Exercise description | The records below hold a stretch from the line with "Police previously said" through the line with "Group of students"; return exactly those lines, ends included, and nothing more.

Records shown |

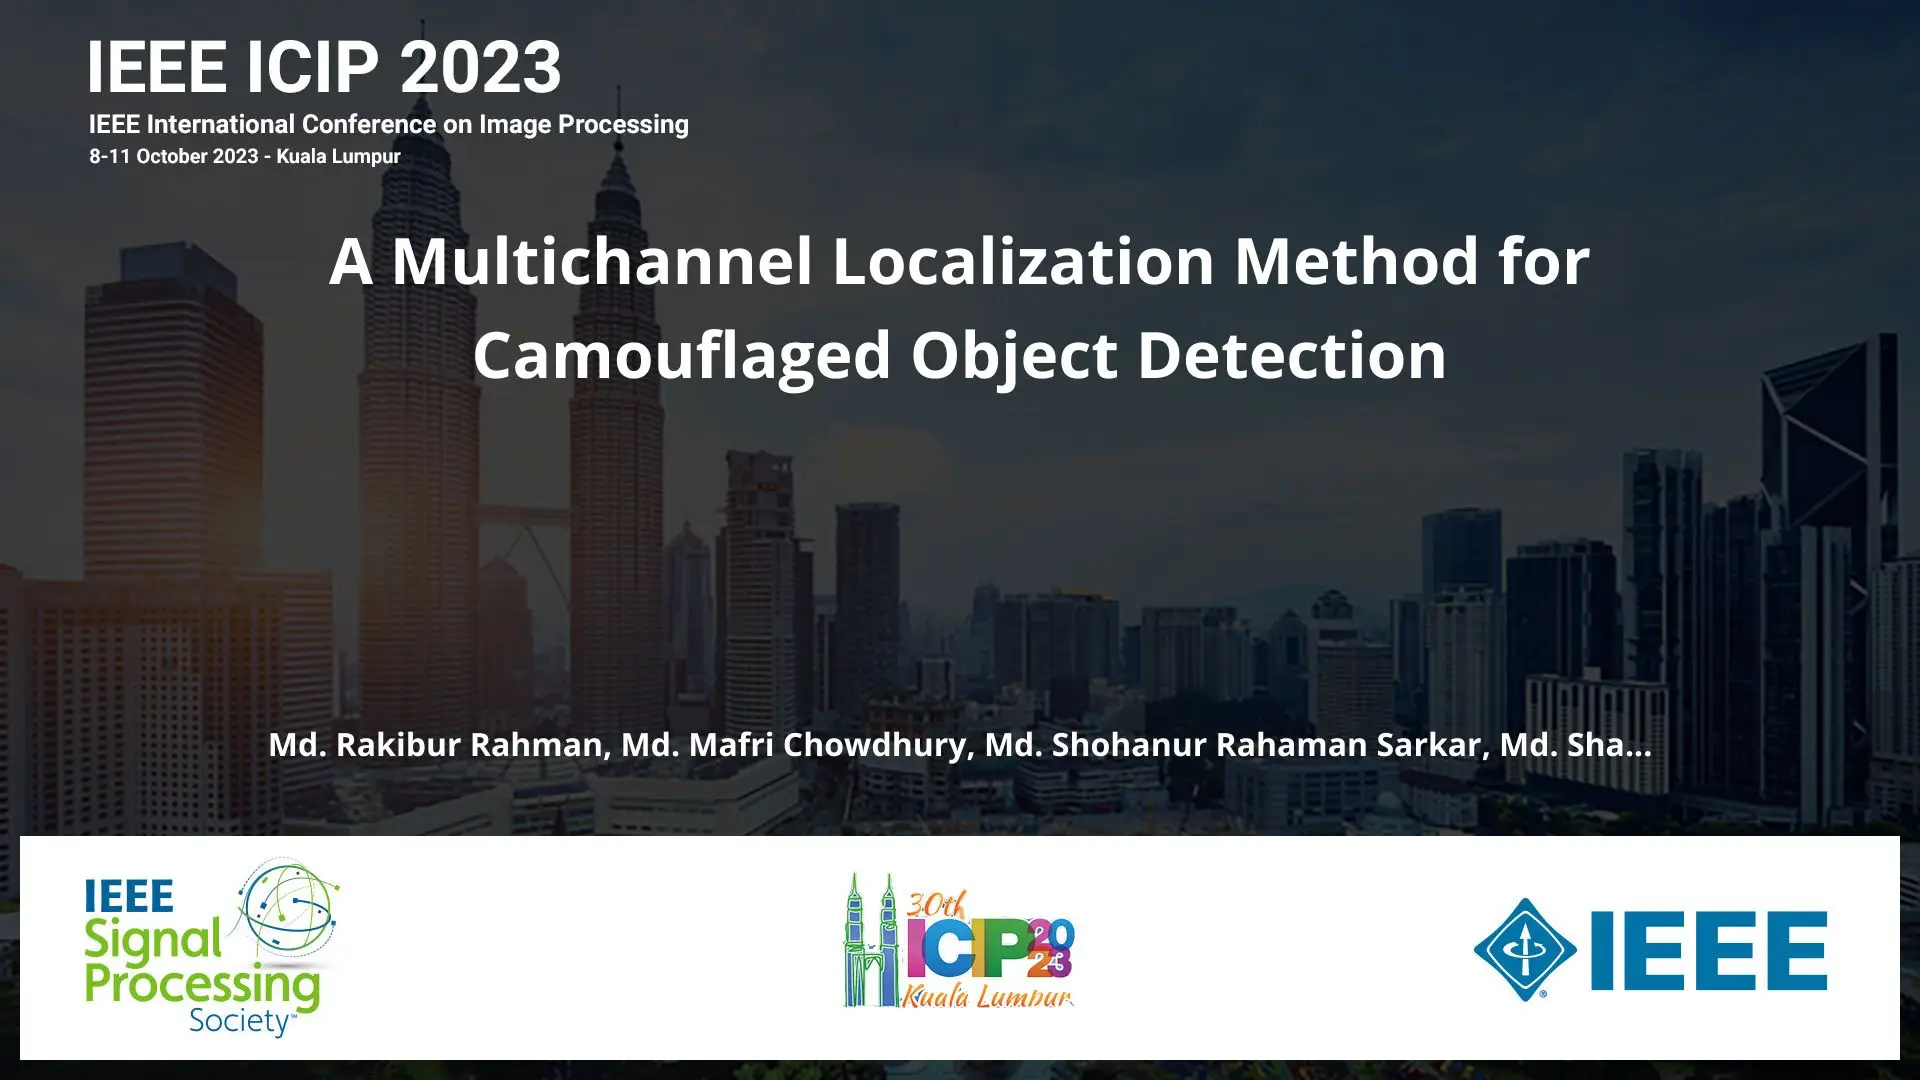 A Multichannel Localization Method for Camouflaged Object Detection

---

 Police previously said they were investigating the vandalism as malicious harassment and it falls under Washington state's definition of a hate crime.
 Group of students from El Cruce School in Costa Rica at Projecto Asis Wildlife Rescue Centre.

Written answer |
 Police previously said they were investigating the vandalism as malicious harassment and it falls under Washington state's definition of a hate crime.
 Group of students from El Cruce School in Costa Rica at Projecto Asis Wildlife Rescue Centre.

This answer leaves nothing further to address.